[Rockhounds] Numbering Specimens (WAS: Paint)

jabac jabac at hal-pc.org
Tue Dec 2 03:00:55 PST 2008


John Siebel wrote:
> Hi All,
>
> As I mentioned in my previous post, I'm getting a start on organizing 
> a huge amount of unlabeled specimens. But I'm hitting a mental 
> gridlock when it comes to numbering them. Where to start? Do I simply 
> grab the first one I see and give it the honor of being #0001? Should 
> I start with the more impressive specimens and work my way down from 
> there? Should I work chronologically from earliest collected to most 
> recent (although that sounds unlikely)? How to deal with multiples 
> (like the dozens of stilbite/calcite/quartz from XYZ Quarry)? Do they 
> all get the same number?
>
> I'm also consider sub-classification (if that's the right term), 
> fossils being  f-0001 or 0001-f  for instance. But I can see that 
> getting pretty whacky with the rest of the collection. Any thoughts?
>
> Perhaps Julie's OCD is rubbing off on me but I want to start this 
> process in a logical manner so I'm not tempted to redo it at a later 
> date. Like that will ever happen!
>
> Thanks for any input - John
>
How would you organize a library of books? The Library of Congress does 
it by categories.  But they also do it by acquisition number. It's all 
in the catalogue! So, does the actual numbering matter a great deal as 
long as the location is known and easily found later? The key is in the 
catalogue. So perhaps the major system might be by sort e.g. 
Category::book = Dana::mineral (or some such system; remember there is 
also the Dewey System for books). Then a subsystem for location within 
the division by sort.
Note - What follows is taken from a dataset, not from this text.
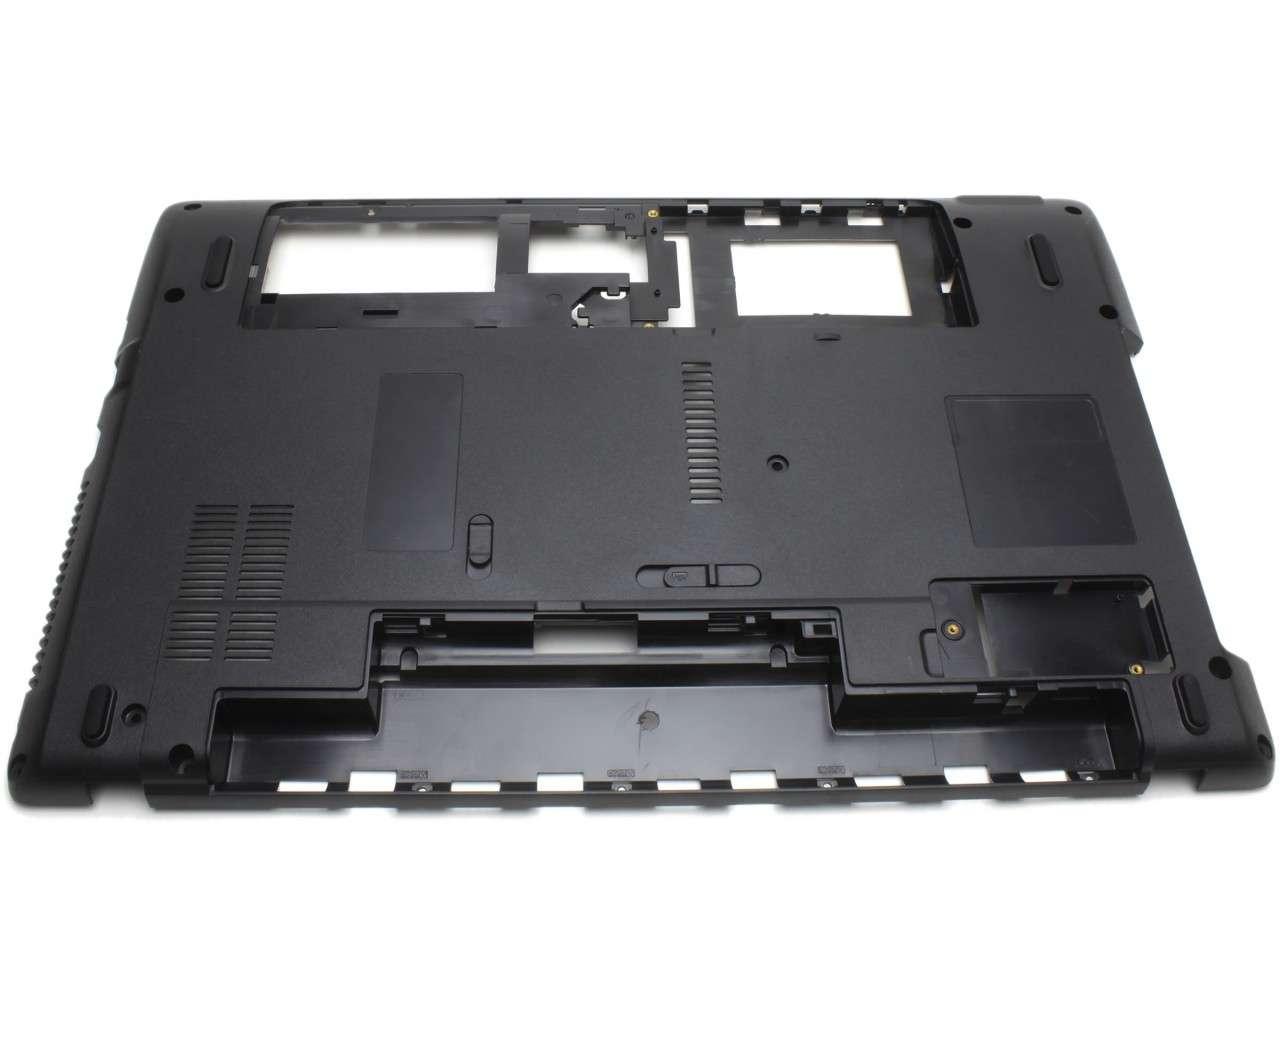 Bottom Case Emachines E729 Carcasa Inferioara cu codul AP0FO0007000 imagine powerlaptop.ro 2021

And don't forget that a "numbering" system can 
also be alphanumeric.

In other words, like creating databases, most of the work is in the 
thinking through how the whole thing fits together in the first place! 
Visit  some museums and talk to curators. How do they do the organizing 
and numbering? Ask Mindat. Talk to authors of field and identification 
guides; look at some of them and how they are  organized.  I think after 
a few  weeks of thinking about the problem, your solution will be 
obvious to you. It may not fit anybody else's circumstances...but no 
matter if it works for you...and is well catalogued!